Human rights activists in Morocco and the Western Sahara region are the targets of a new threat actor using phishing attacks to trick victims into installing fake Android apps and providing credential harvesting pages for Windows users.
Cisco Talos is monitoring the business cluster under the name Starry Addaxdescribing it primarily as a choice of activists associated with the Sahrawi Arab Democratic Republic (SADR).
The infrastructure of Starry Addax – ondroid[.]site and ondroid[.]store – is designed to target both Android and Windows users, with the latter involving fake websites masquerading as login pages for popular social media websites.
The adversary, believed to be active since January 2024, is known to send spear phishing emails to targets, urging recipients to install the Sahara Press Service mobile app or relevant lure related to the region.
Depending on which operating system the request comes from, the target is served a malicious APK impersonating Sahara Press Service or redirected to a social media login page to harvest their credentials.

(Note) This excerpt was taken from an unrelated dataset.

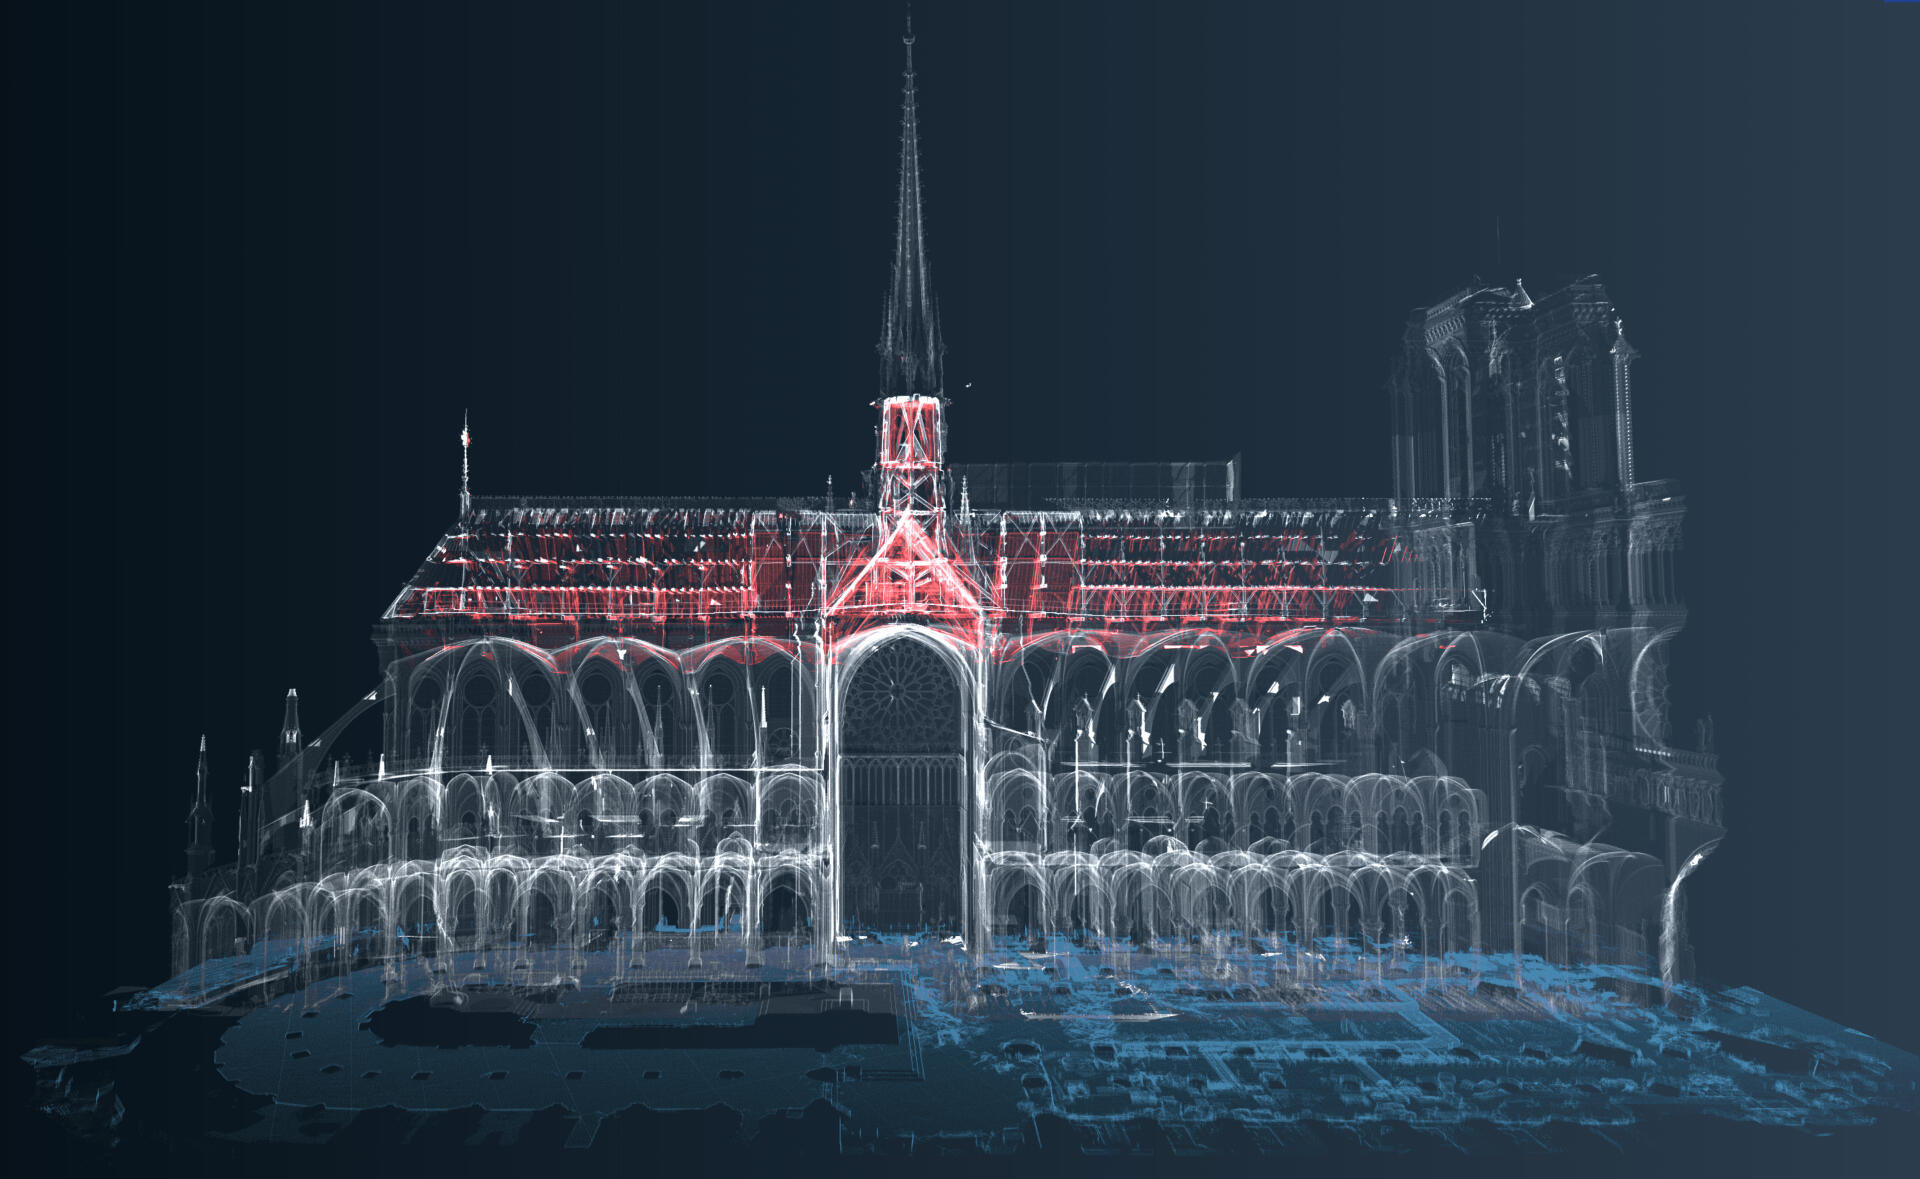 Nuage de points 3D, de la coupe longitudinale sur la partie sud de la cathédrale Notre-Dame de Paris. En rouge, relevé effectué par Andrew Tallon quelques années avant l’incendie de 2019.

The new Android malware, called FlexStarling, is versatile and equipped to deliver additional malware components and steal sensitive information from infected devices.
Once installed, it requires the victim to grant extended permissions that allow the malware to perform nefarious actions, including retrieving commands to execute from a Firebase-based command and control (C2), a sign that the threat actor is trying to do so . flying under the radar.
“Campaigns like this that target high-value individuals usually intend to remain silent on the device for an extended period,” Talos said.
“All components, from malware to operational infrastructure, appear to be tailor-made for this specific campaign, indicating a strong focus on stealth and conducting activities under the radar.”
The development comes in the context of the emergence of a new commercial Android remote access trojan (RAT) known as Oxicorate which is offered for sale with different information gathering capabilities.